Захар сидел за спиной у Федора Андроныча. Зябко кутаясь в потертую шинель, он смотрел на желтое жнивье полей, на оголенные распадки, на знакомые повороты дороги, и его худое, заросшее колючей щетиной лицо становилось светлее.
Дорога перехлестнула через бугор. Внизу Захар и Федот Андроныч увидели свое село. Лучи заходящего солнца красноватым блеском играли на окнах. Внутри домов, казалось, полыхало пламя.
Лошади побежали быстрее.
— Слава те господи! Кажись, приехали. — Купец вздохнул и размашисто перекрестился. — Беда как неспокойна купеческая жизнь.
Захар посмотрел на широкую спину купца, на короткую, бурую, давно не мытую шею. Богат, черт, а пропах навозом и потом, как последний мужичишка. И зипун носит в заплатах, наверно, еще отцовский, по наследству достался.

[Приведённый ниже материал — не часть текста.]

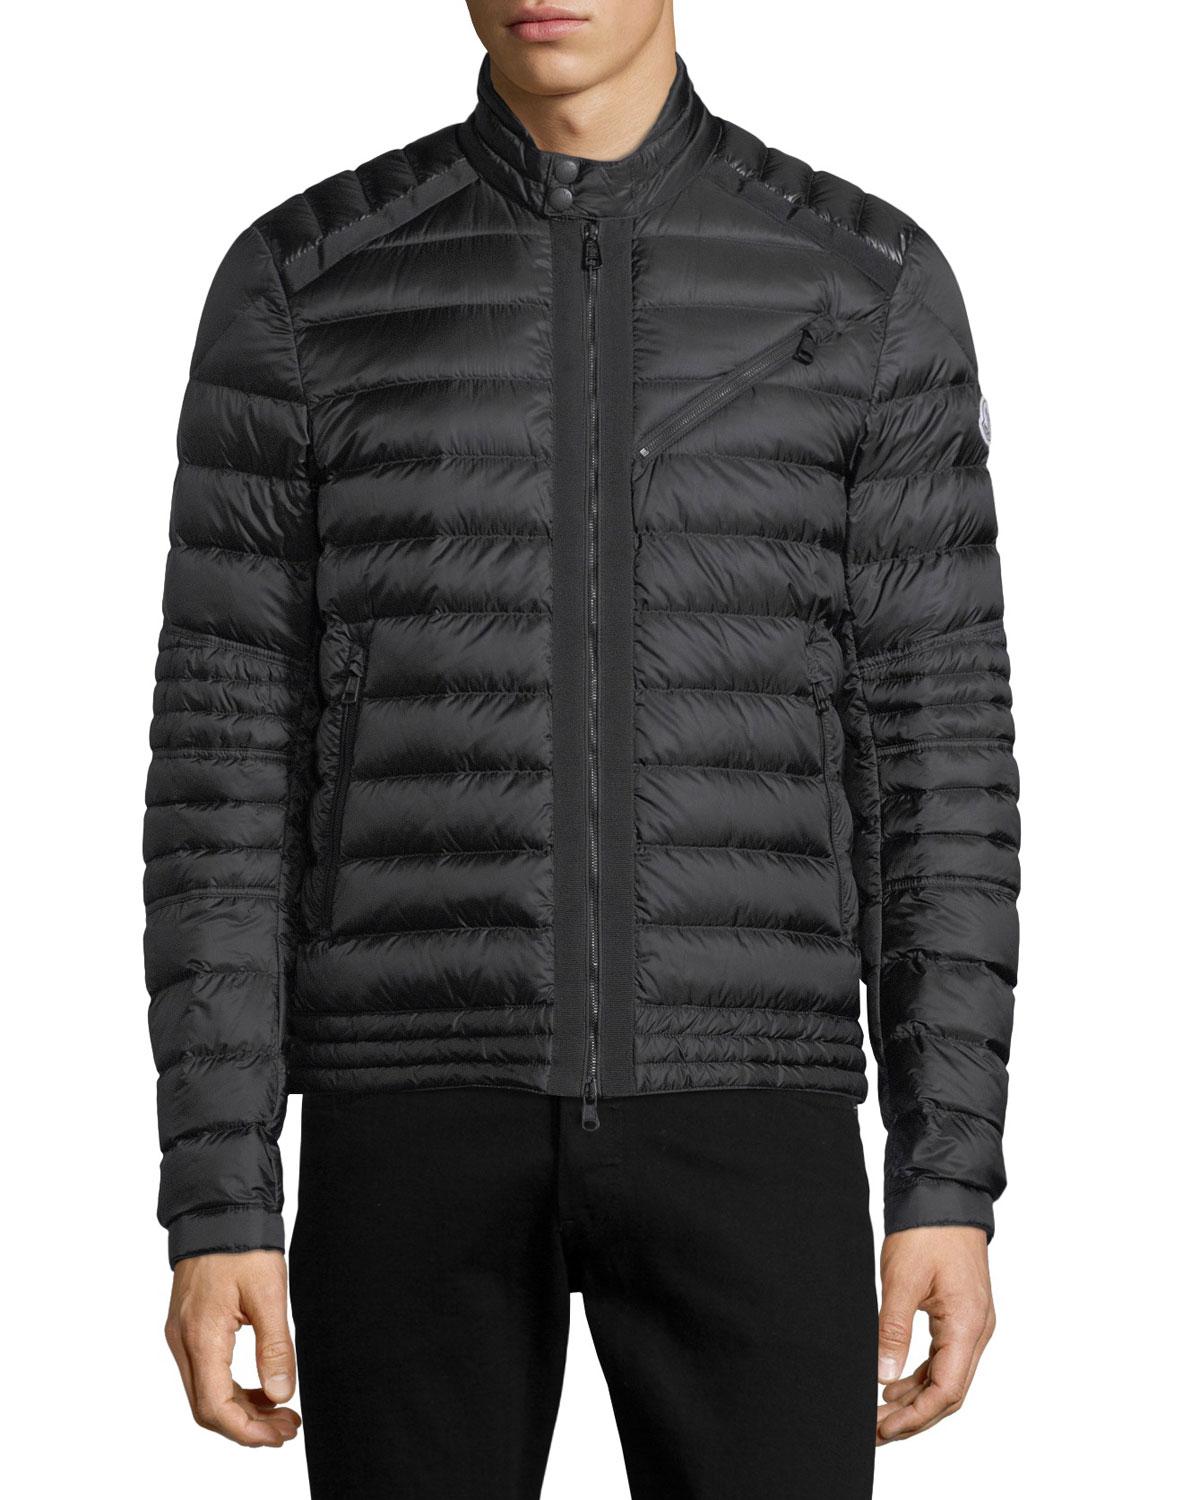 Lyst - Moncler Royat Puffer Jacket in Black for Men

От батьки своего, Андрона, Федотка, почитай, только зипун и получил. Не зарный был его родитель на работу. Мужики горбатились за сохой, а Андрон в прохладном амбаре потягивал самогон. Напившись, разговаривал сам с собой и пел печальные песни. По слухам, к пьянству Андрон пристрастился после того, как, не смея перечить воле родителей, женился на глупой, некрасивой, засидевшейся в девках дочери богатого никольского мужика.
Вскоре после свадьбы отец Андроновой жены помер. Сыновей у него не было, дочь одна, и все имущество досталось Андрону. Многие завидовали ему. Еще бы, не сеяно, не пахано, а урожай — будь здоров! Андрон же не обрадовался богатству, часто избивал жену до полусмерти, а наследство скоро промотал. Баба, родив Федота, зачахла и умерла. Андрону бы жениться в другой раз и жить, как все люди, но он уже не мог остановиться. Подросшего Федотку заставлял бегать за самогоном. Кончил Андрон тем, что пьяный забрел зимой на речку и провалился в прорубь.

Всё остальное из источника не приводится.